In Home Depot U.S.A., Inc. v. Jackson, Citibank NA filed a debt collection action in North Carolina state court alleging the defendant debtor was liable for charges he incurred on a Home Depot credit card. Jackson answered and filed an individual counterclaim against Citibank and third-party class action claims against Home Depot U.S.A. Inc. and Carolina Water Systems Inc., claiming that the third-party defendants had a scheme to induce homeowners to buy water treatment systems at inflated prices. Citibank then dismissed its claims and Home Depot filed a notice of removal, relying on the general removal statute and CAFA. Jackson moved to remand, arguing that a third-party counter-defendant could not remove the case to federal court. Jackson then amended his third-party class action claims to remove any reference to Citibank. The district court granted Jackson’s motion to remand and the U.S. Court of Appeals for the 4th Circuit affirmed, holding that neither the general removal statute nor CAFA permitted Home Depot to remove the claims.
After granting certiorari, the Supreme Court affirmed. The majority first reasoned that the general removal statute allows for removal only by the “defendant or the defendants,” without any reference to “third-party defendants.” The majority noted this reasoning was “bolstered” by the Federal Rules of Civil Procedure, which differentiate between third-party defendants, counterclaim defendants and defendants. Second, in other removal provisions such as §1432(a), Congress extended removal to a “party,” rather than just a “defendant.” Third, the Court reasoned that not allowing a third-party defendant to remove was consistent with its decision in Shamrock Oil & Gas Corp. v. Sheets, 313 U.S. 100 (1941), where the Court refused to allow an original plaintiff to remove a case under the predecessor to the general removal statute. In Shamrock, the Court had reasoned that the original plaintiff was not a “defendant” entitled to removal even though a counterclaim had been filed against the plaintiff. Finally, the Court rejected Home Depot’s argument that CAFA allowed for removal by a third-party defendant, stating that CAFA permits removal only by a “defendant.”
Justice Alito dissented, joined by Chief Justice Roberts and Justices Gorsuch and Kavanaugh. The dissenters argued that the distinction between defendants and third-party defendants is an “irrational distinction” that defeats the intent that removal prevents a plaintiff from gaining a homecourt advantage against outsiders.
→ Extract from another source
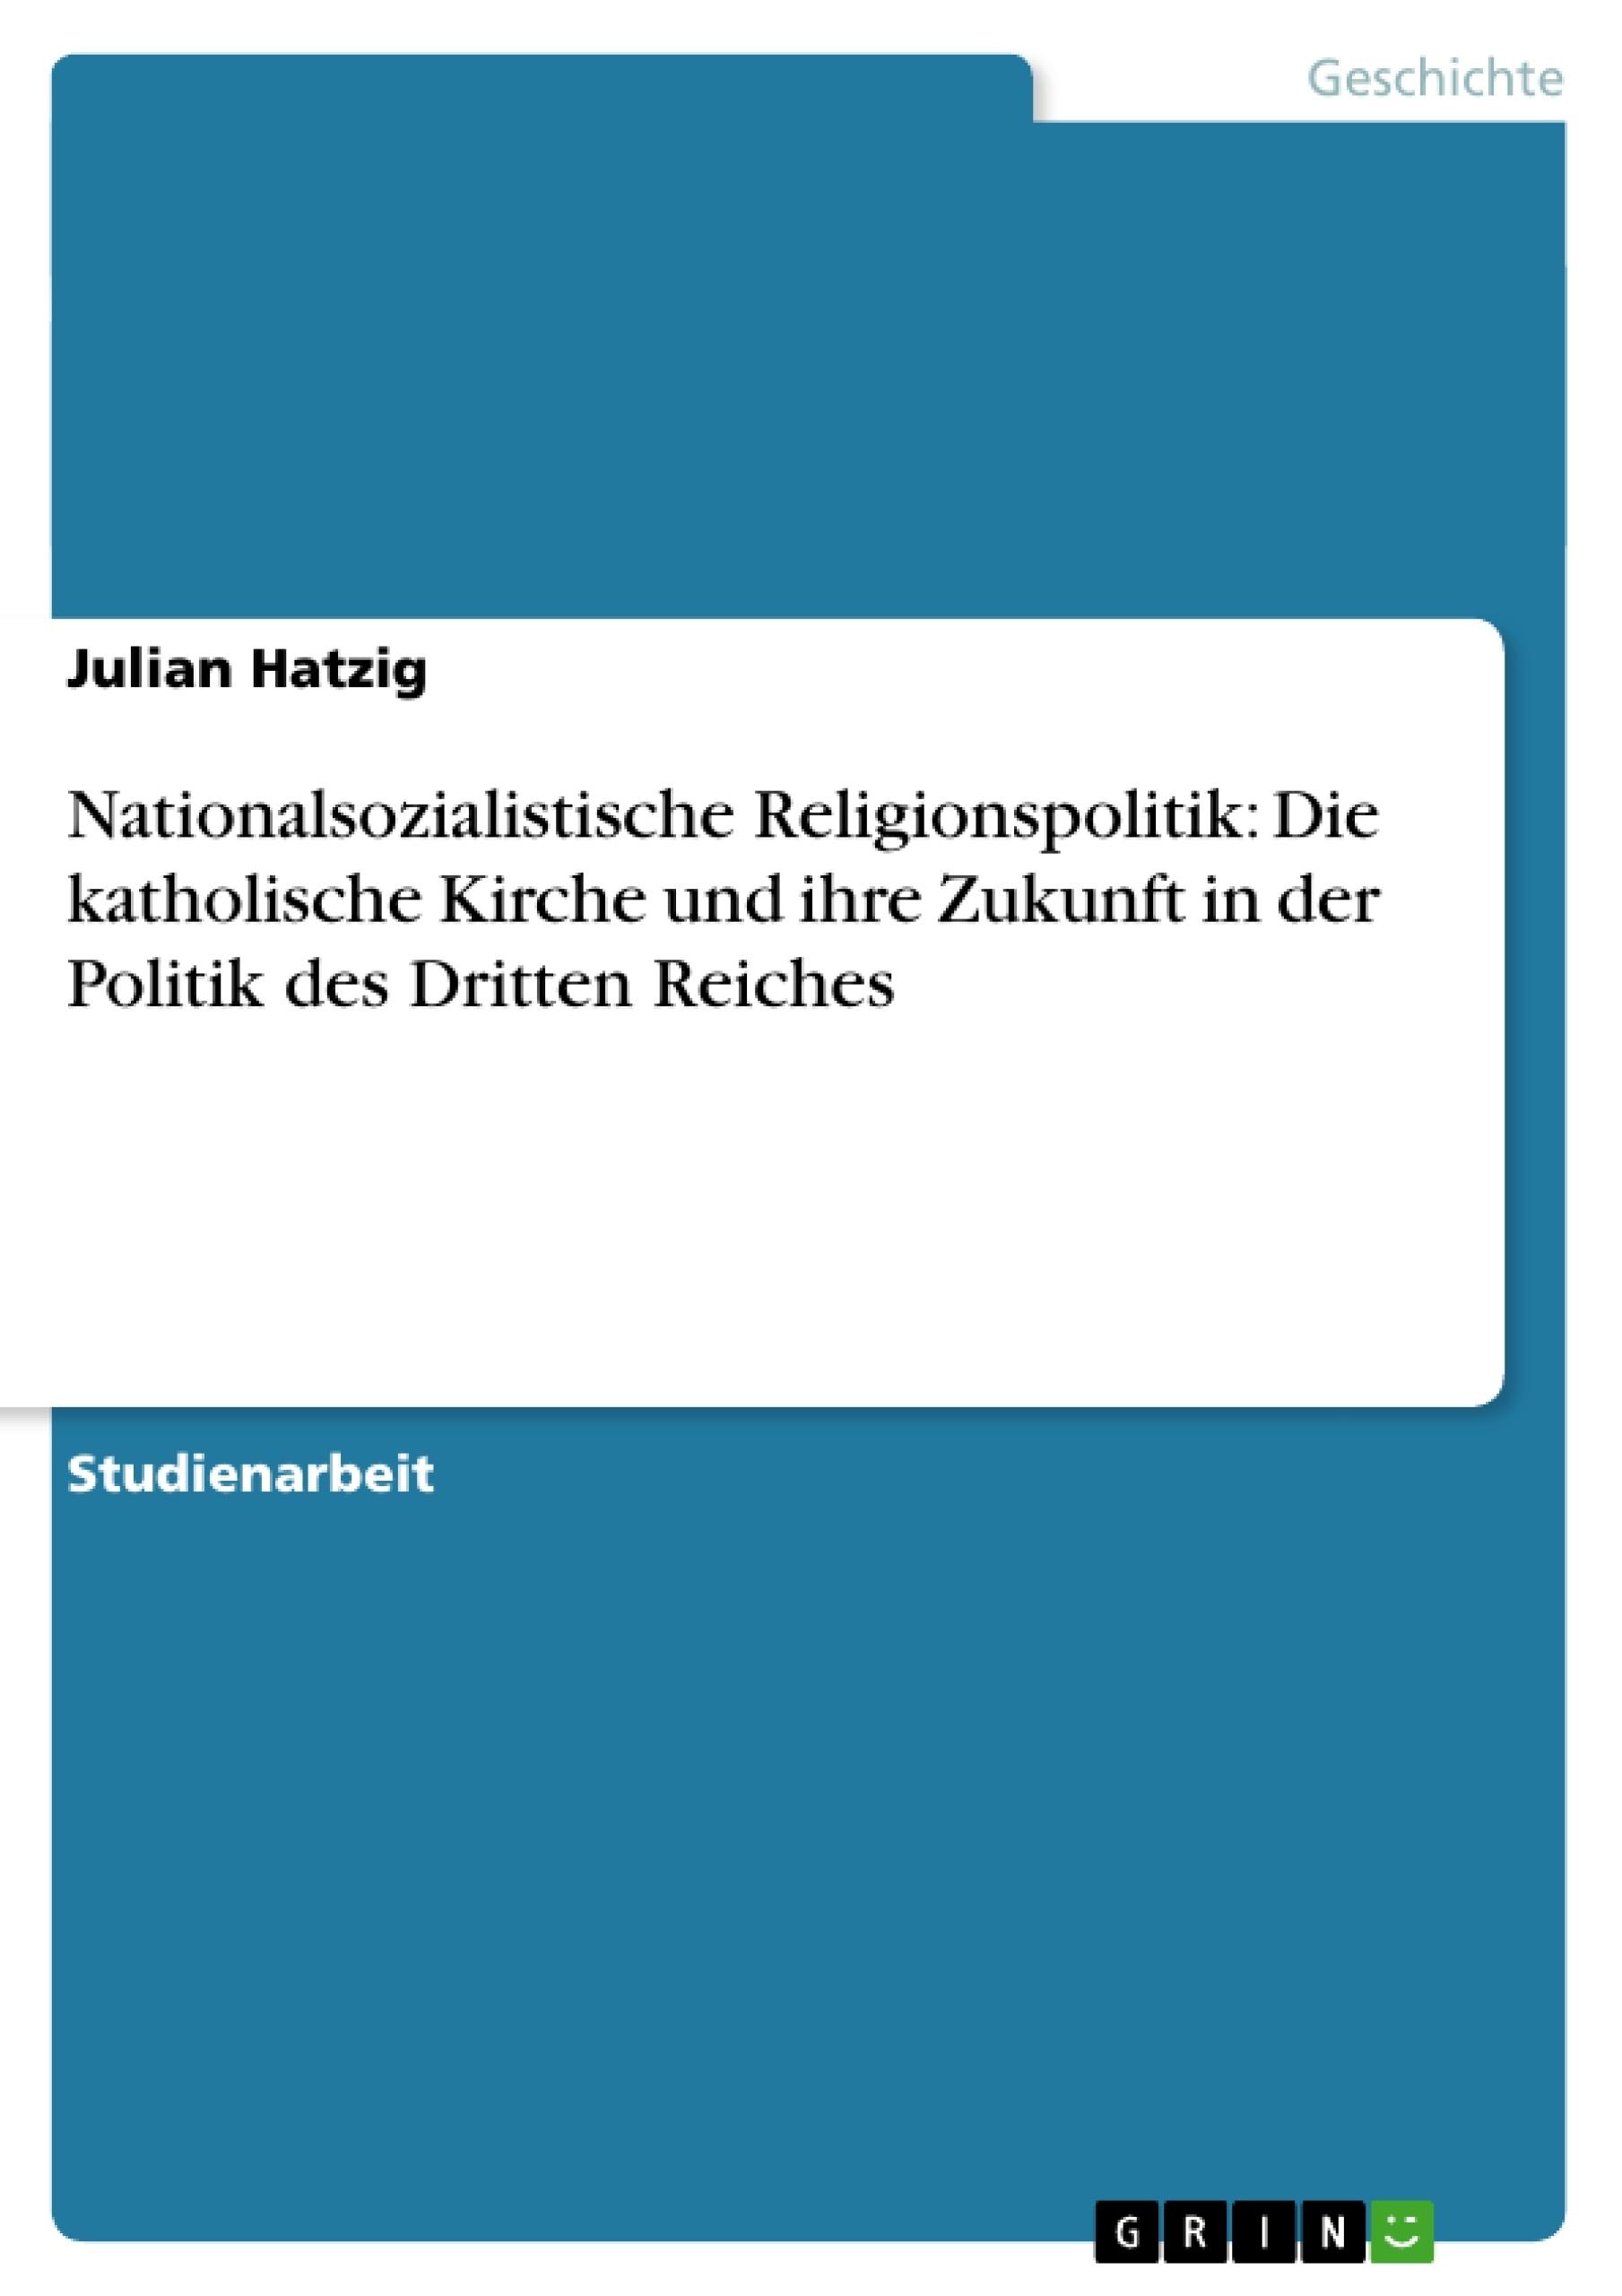 Titel: Nationalsozialistische Religionspolitik: Die katholische Kirche und ihre Zukunft in der Politik des Dritten Reiches

Following Home Depot, it will be interesting to see whether the plaintiffs’ bar attempts to leverage this removal exception by recruiting potential class representatives who have already been sued in state court debt collection cases to assert third-party class action claims to defeat removal. It is yet unclear whether this is the type of “loophole” that can be broadly exploited in practice – only time will tell. Nonetheless, companies and their counsel should be aware of this potential tactic.